Mr. Biswas slunk out of the store. He went to Mrs. Seeung’s, a large cafй in the High Street, and ordered a sardine roll and a bottle of aerated water. The sardines were dry, the onion offended him, and the bread had a crust that cut the inside of his lips. He drew comfort only from the thought that he had not signed the note and could deny writing it.

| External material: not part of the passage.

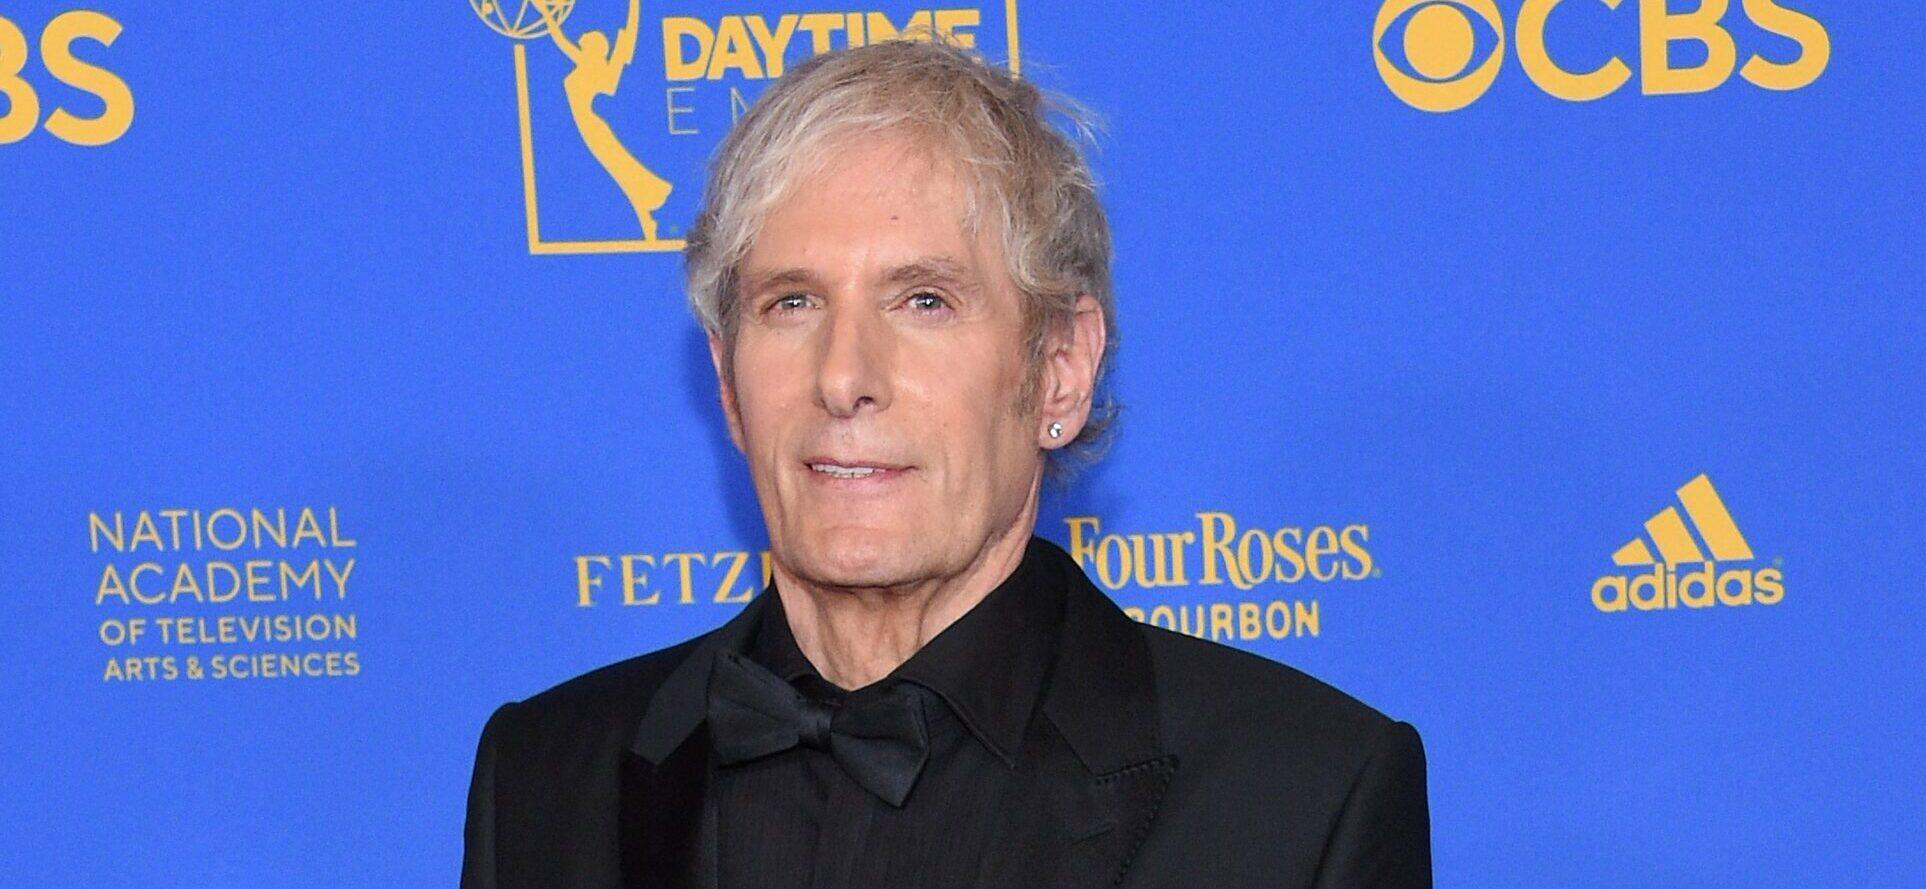 Michael Bolton at The Daytime Emmy Awards

When he went back to the store he was determined to pretend that nothing had happened, determined never to look at Shama again. Carefully he prepared his brushes and set to work. He was relieved that no one showed an interest in him; and more relieved to find that Shama was not in the store that afternoon. With a light heart he outlined Punch’s dog on the irregular surface of the whitewashed column. Below the dog he ruled lines and sketched BARGAINS! BARGAINS! He painted the dog red, the first BARGAINS! black, the second blue. Moving a rung or two down the ladder he ruled more lines, and between these lines he detailed some of the bargains the Tulsi Store offered, in letters which he “cut out”, painting a section of the column red, leaving the letters cut out in the whitewash. Along the top and bottom of the red strip he left small circles of whitewash; these he gashed with one red stroke, to give the impression that a huge red plaque had been screwed on to the pillar; it was one of Alec’s devices. The work absorbed him all afternoon. Shama never appeared in the store, and for minutes he forgot about the morning’s happenings.